Problem to solve =>
Look below for the line that has "แบ่งจ่ายค่าบัตรโดยสารการบินไทย 0%* นานสูงสุด". Set down the lines from there through the line that has "(Luchtkwaliteit) Fred Bakker", exactly as written.

Provided records =>
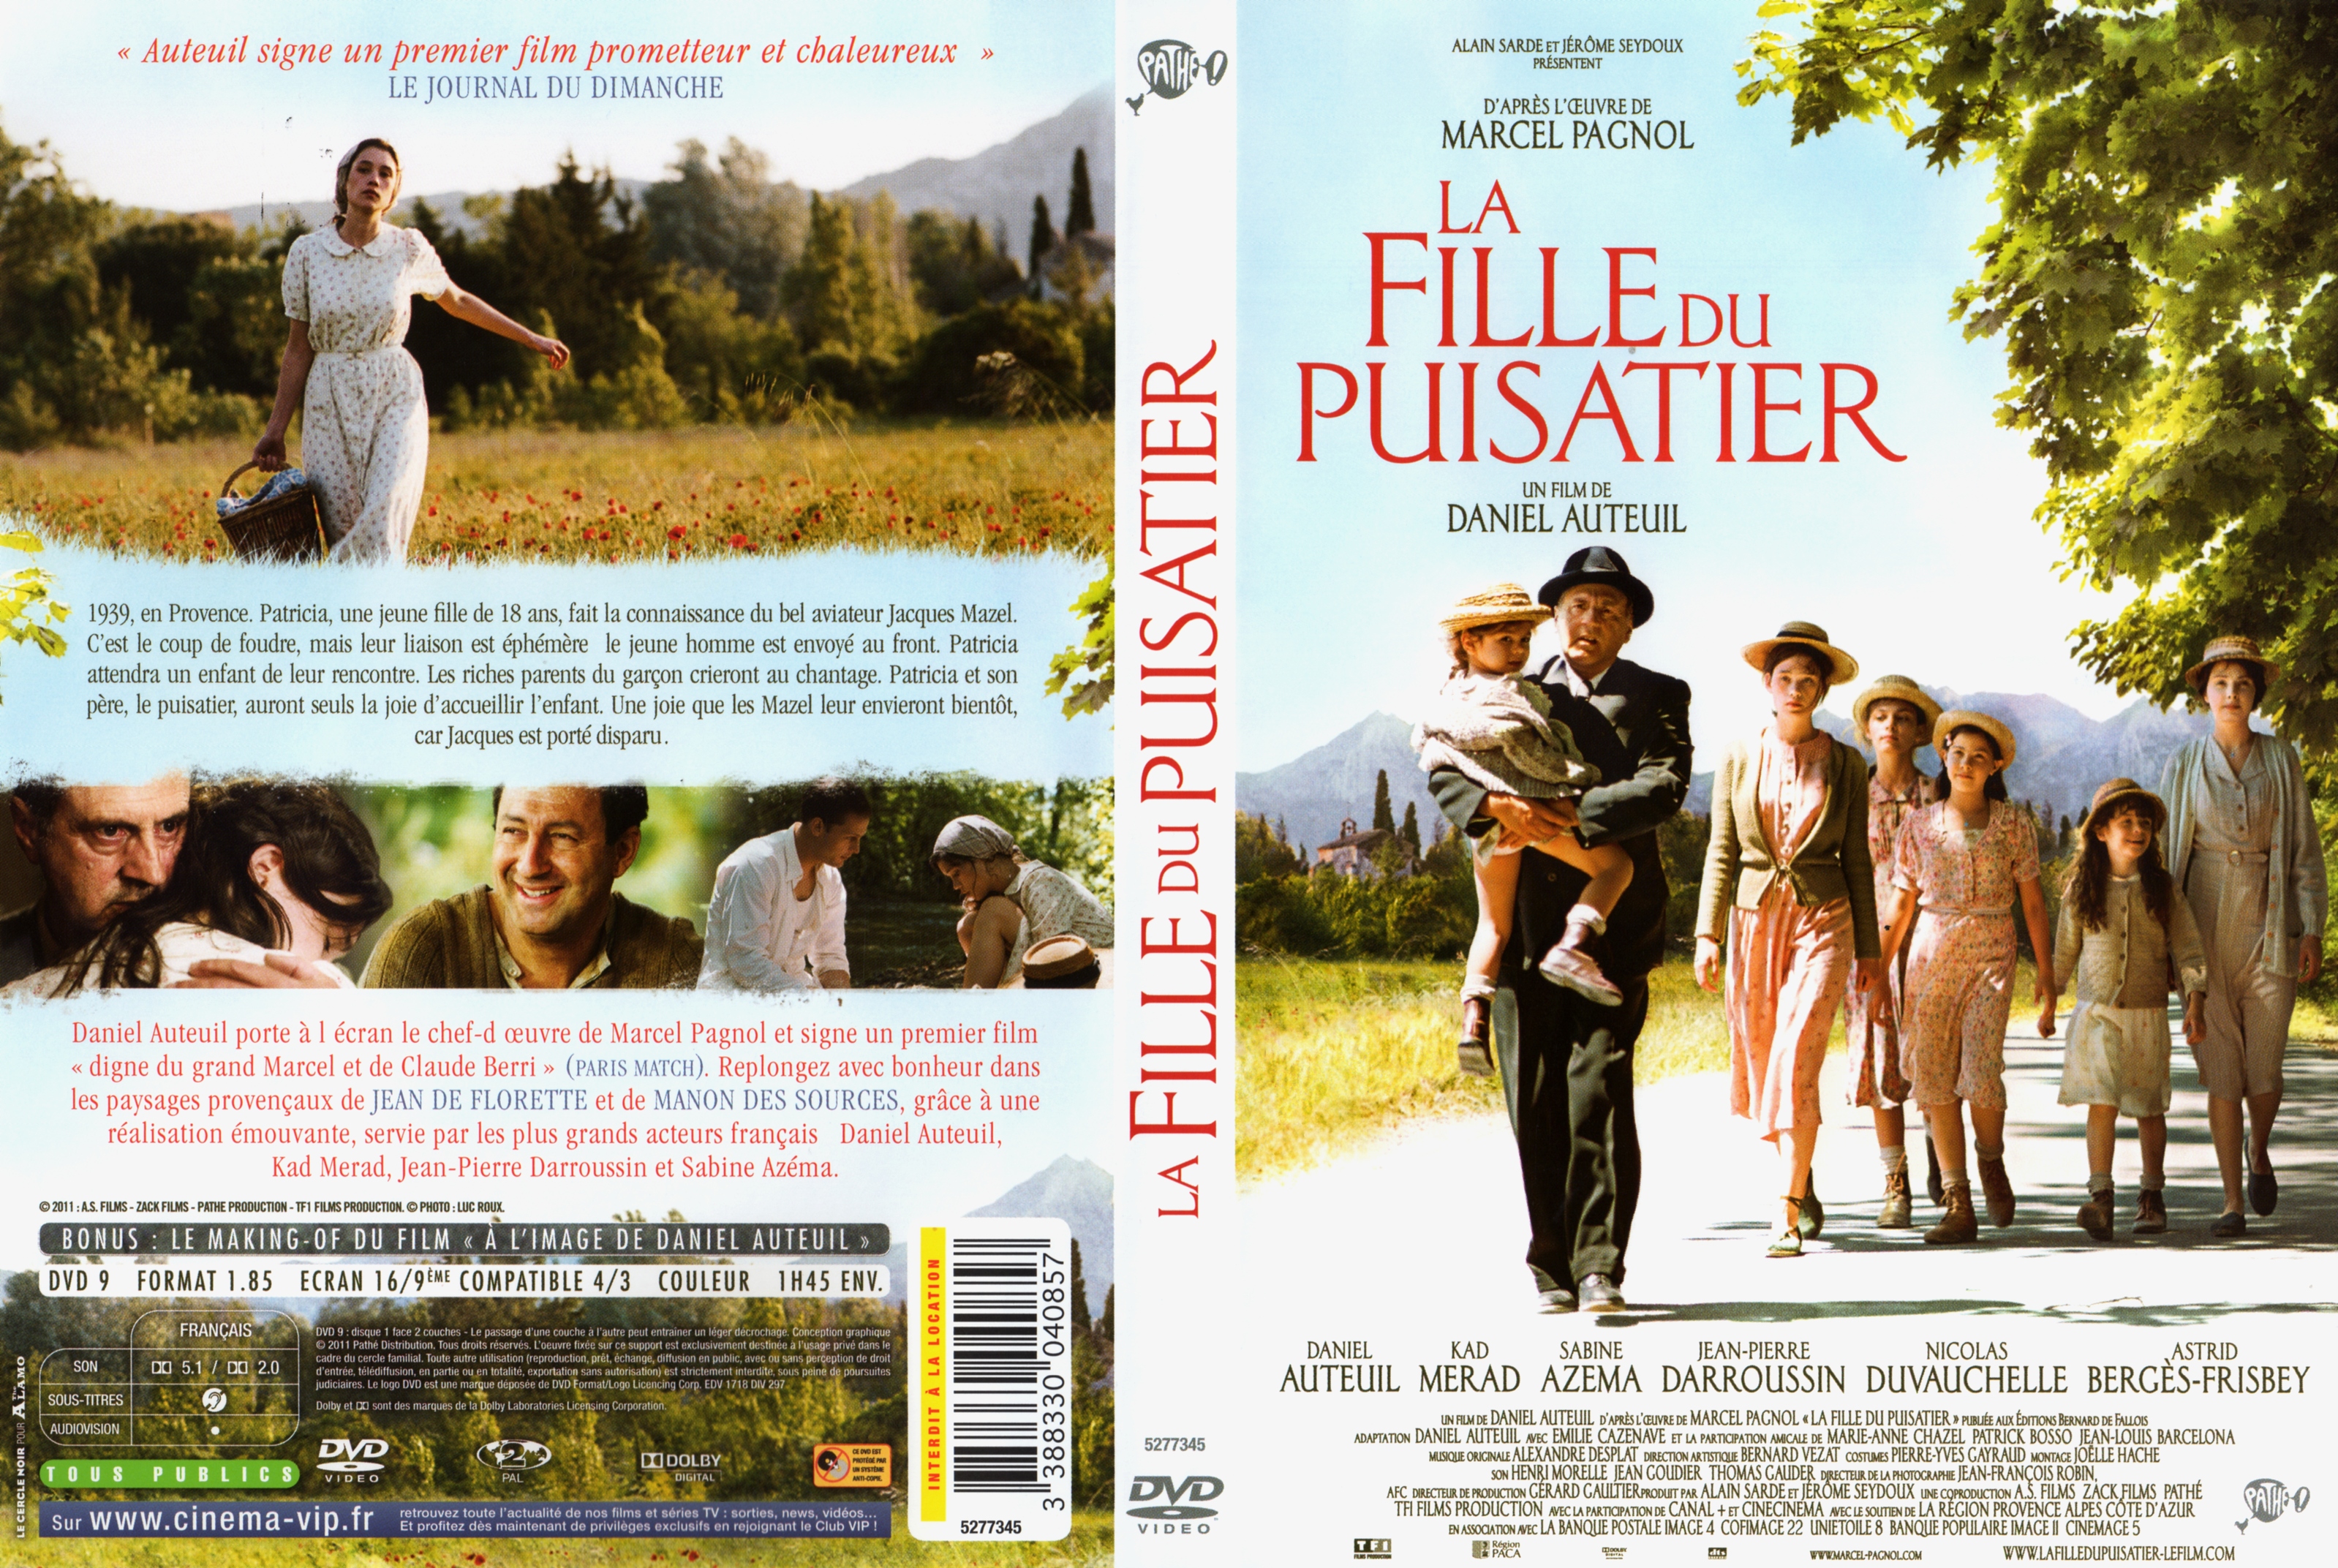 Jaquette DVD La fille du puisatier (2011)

--

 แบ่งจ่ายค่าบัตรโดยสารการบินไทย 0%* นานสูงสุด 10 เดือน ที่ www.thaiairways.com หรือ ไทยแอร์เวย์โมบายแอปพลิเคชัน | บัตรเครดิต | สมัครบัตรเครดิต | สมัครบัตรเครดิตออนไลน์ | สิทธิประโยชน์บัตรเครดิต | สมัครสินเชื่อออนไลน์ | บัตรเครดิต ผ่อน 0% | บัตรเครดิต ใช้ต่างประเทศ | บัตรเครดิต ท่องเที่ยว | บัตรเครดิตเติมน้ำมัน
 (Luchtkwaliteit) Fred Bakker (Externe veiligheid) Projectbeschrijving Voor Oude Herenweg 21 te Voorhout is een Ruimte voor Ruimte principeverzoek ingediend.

Written response =>
 แบ่งจ่ายค่าบัตรโดยสารการบินไทย 0%* นานสูงสุด 10 เดือน ที่ www.thaiairways.com หรือ ไทยแอร์เวย์โมบายแอปพลิเคชัน | บัตรเครดิต | สมัครบัตรเครดิต | สมัครบัตรเครดิตออนไลน์ | สิทธิประโยชน์บัตรเครดิต | สมัครสินเชื่อออนไลน์ | บัตรเครดิต ผ่อน 0% | บัตรเครดิต ใช้ต่างประเทศ | บัตรเครดิต ท่องเที่ยว | บัตรเครดิตเติมน้ำมัน
 (Luchtkwaliteit) Fred Bakker (Externe veiligheid) Projectbeschrijving Voor Oude Herenweg 21 te Voorhout is een Ruimte voor Ruimte principeverzoek ingediend.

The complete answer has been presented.